Information shown:
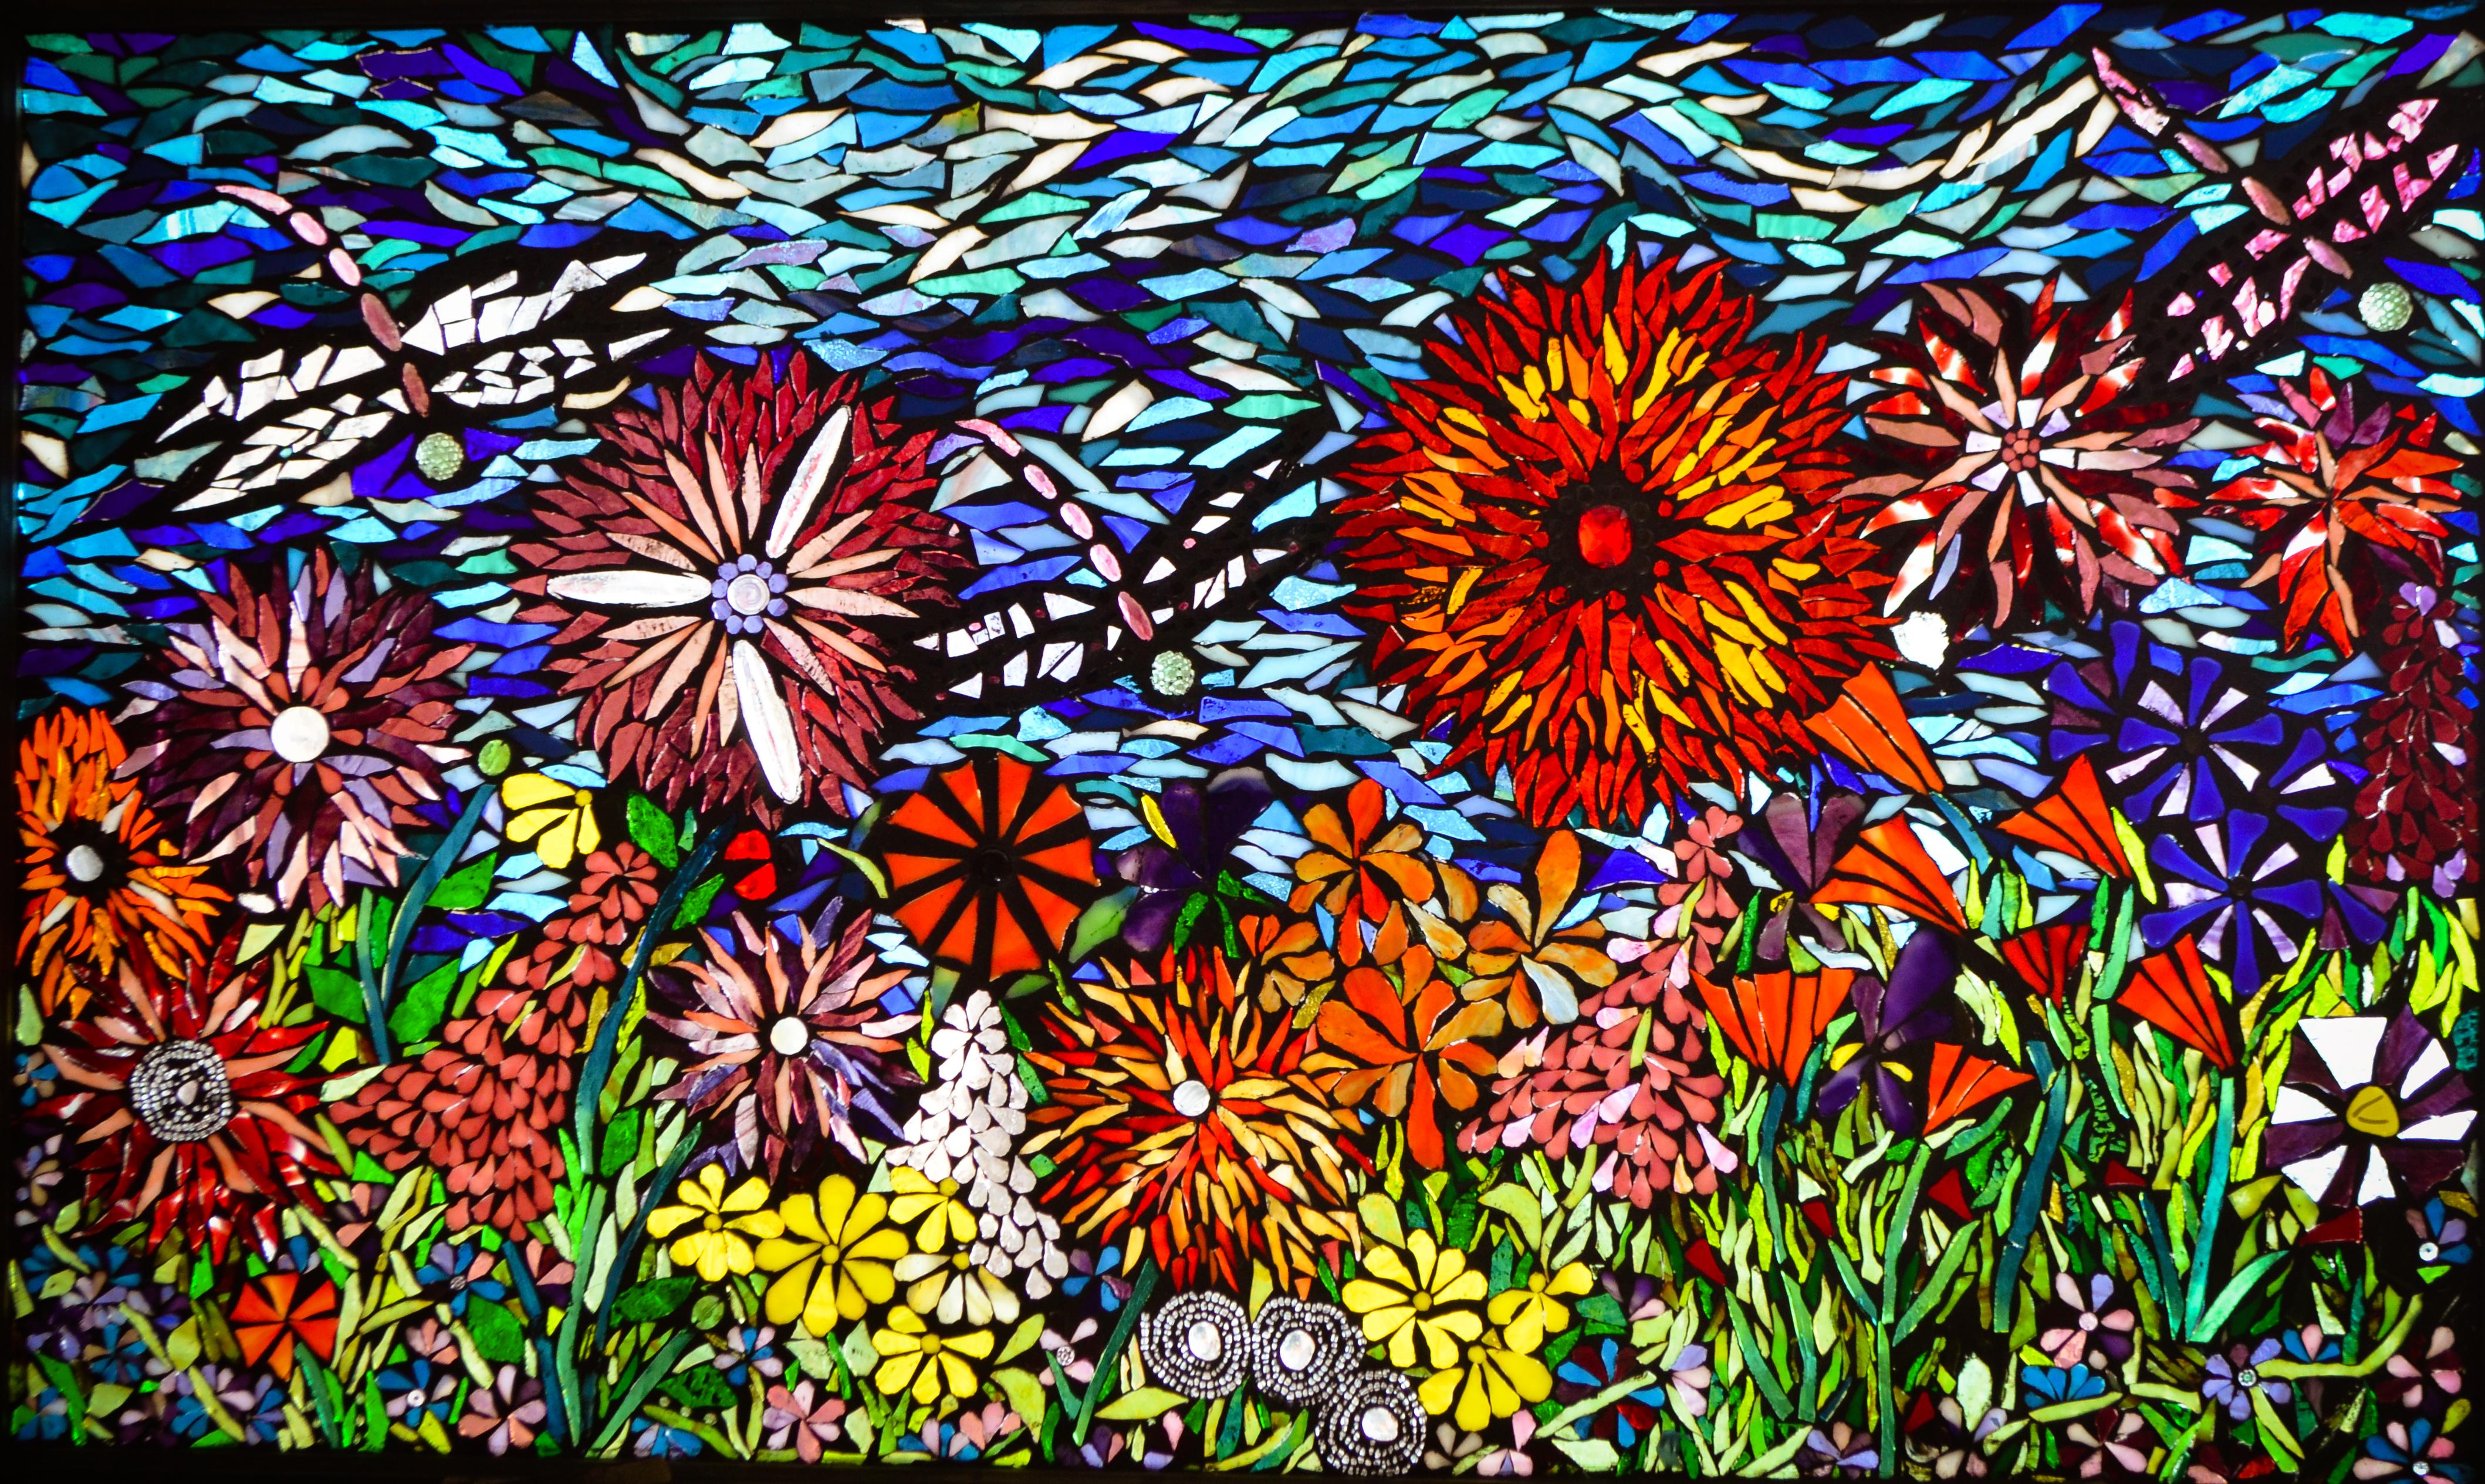 High Resolution Wallpaper | Mosaic 4235x2529 px
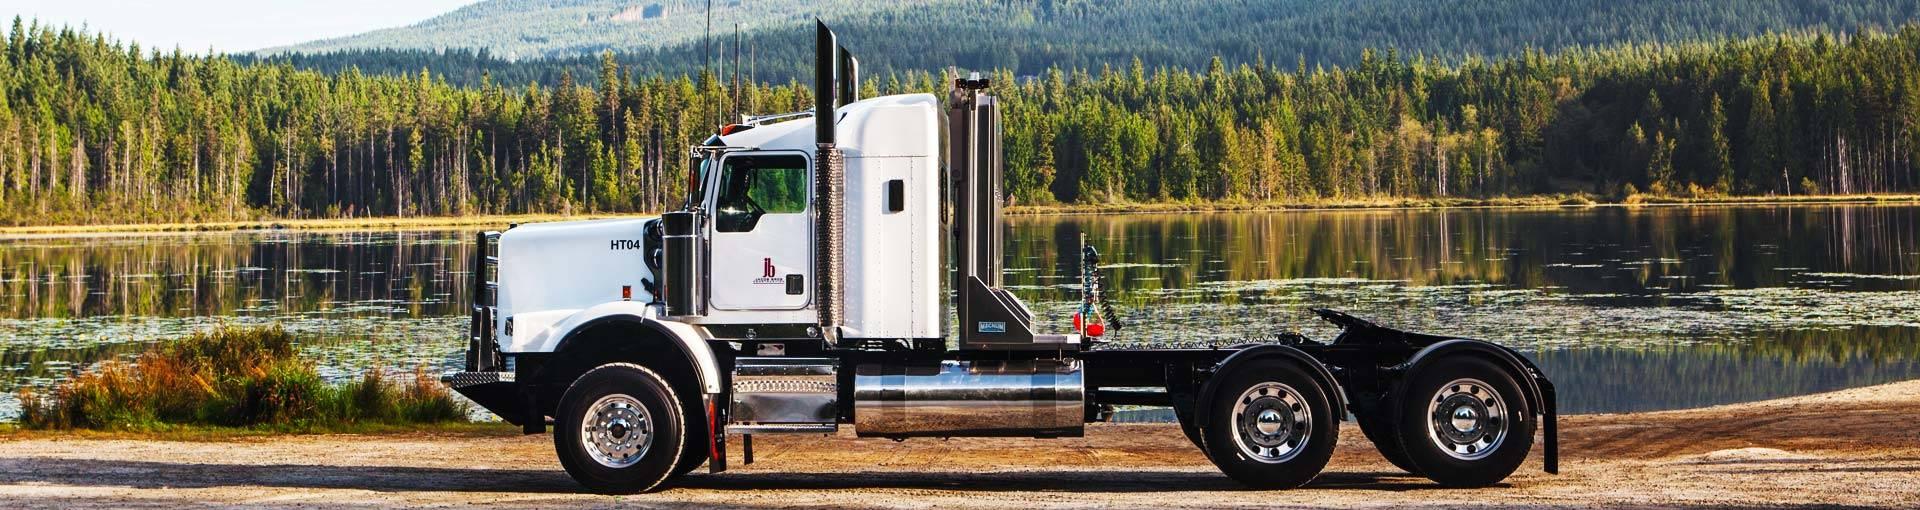 semi truck customs in bc
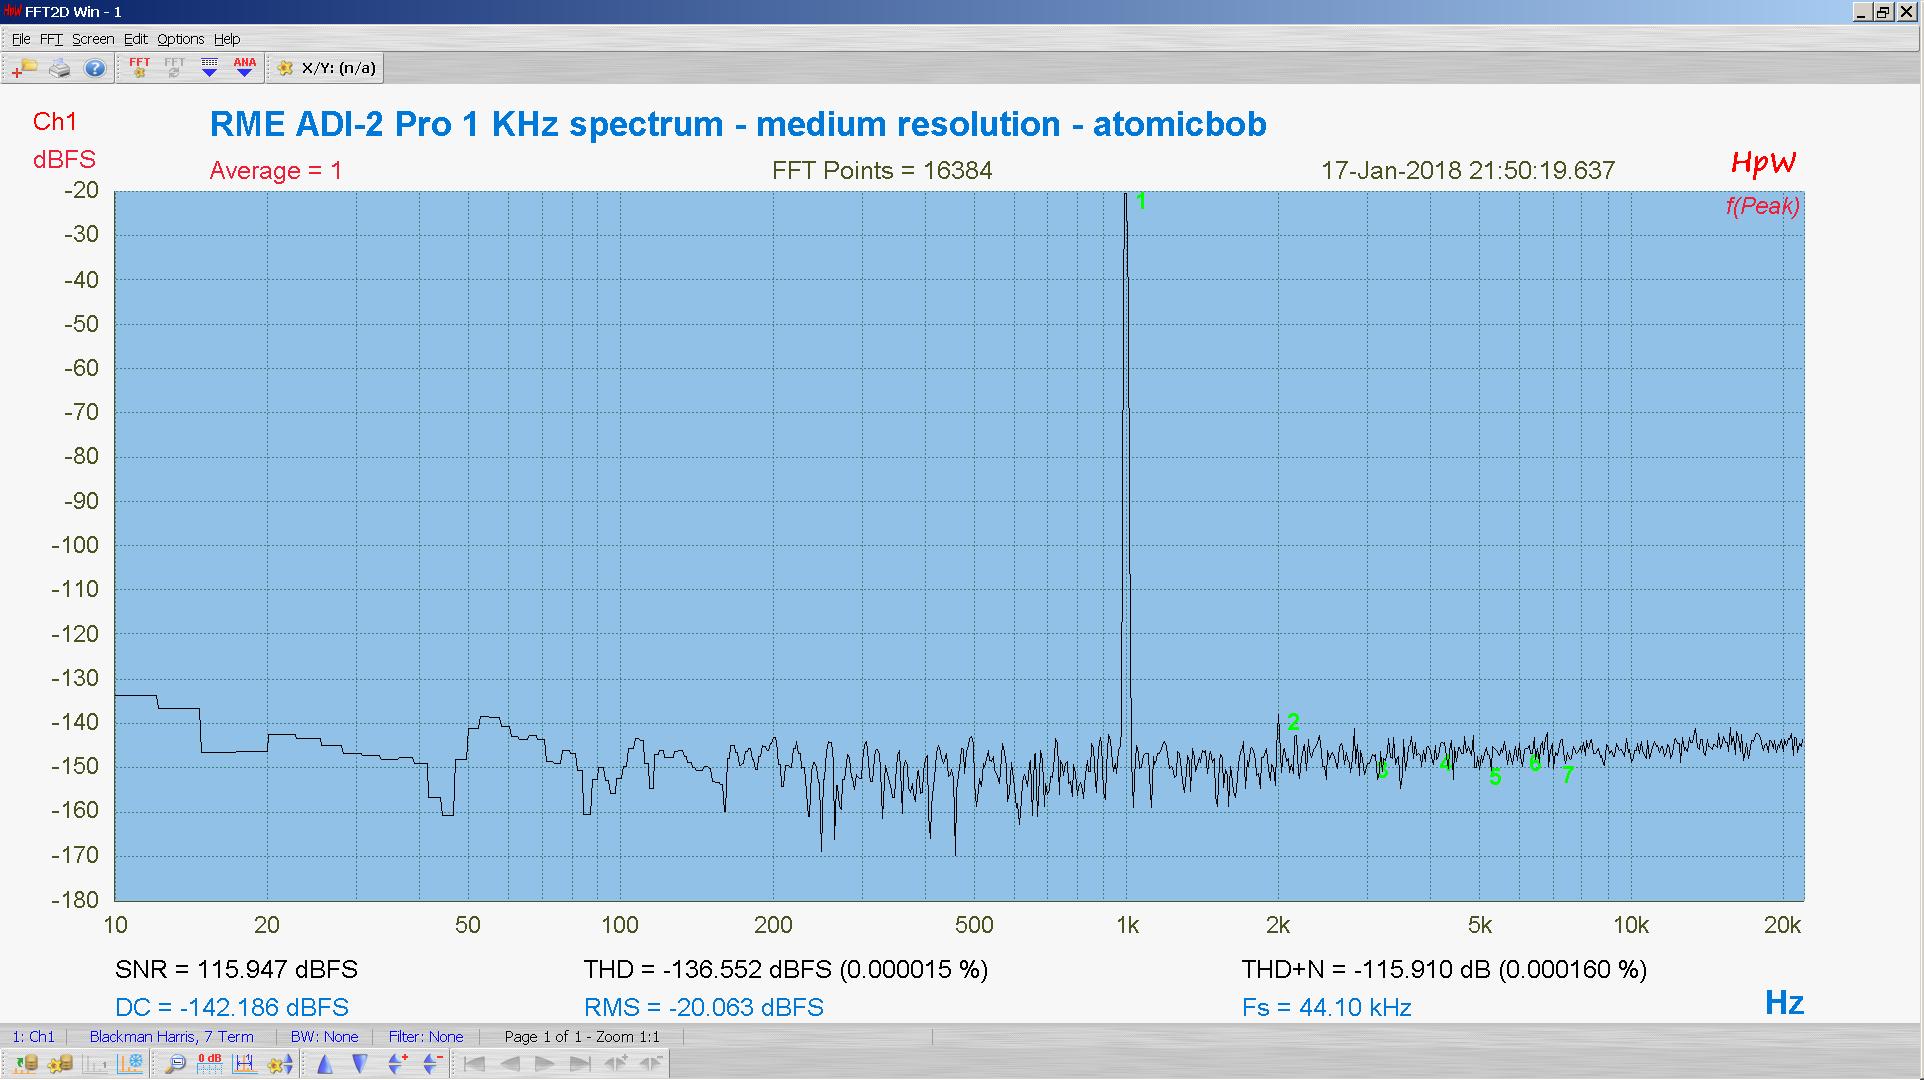 20180117-02 ADI-2 Pro Bal 1 KHz THD THD+N 16K FFT- ASIO -20 dBFS - HpW.PNG

Task description: Down to the last line, print the material exactly, but not its pictures.

Task solution:
 High Resolution Wallpaper | Mosaic 4235x2529 px
 semi truck customs in bc
 20180117-02 ADI-2 Pro Bal 1 KHz THD THD+N 16K FFT- ASIO -20 dBFS - HpW.PNG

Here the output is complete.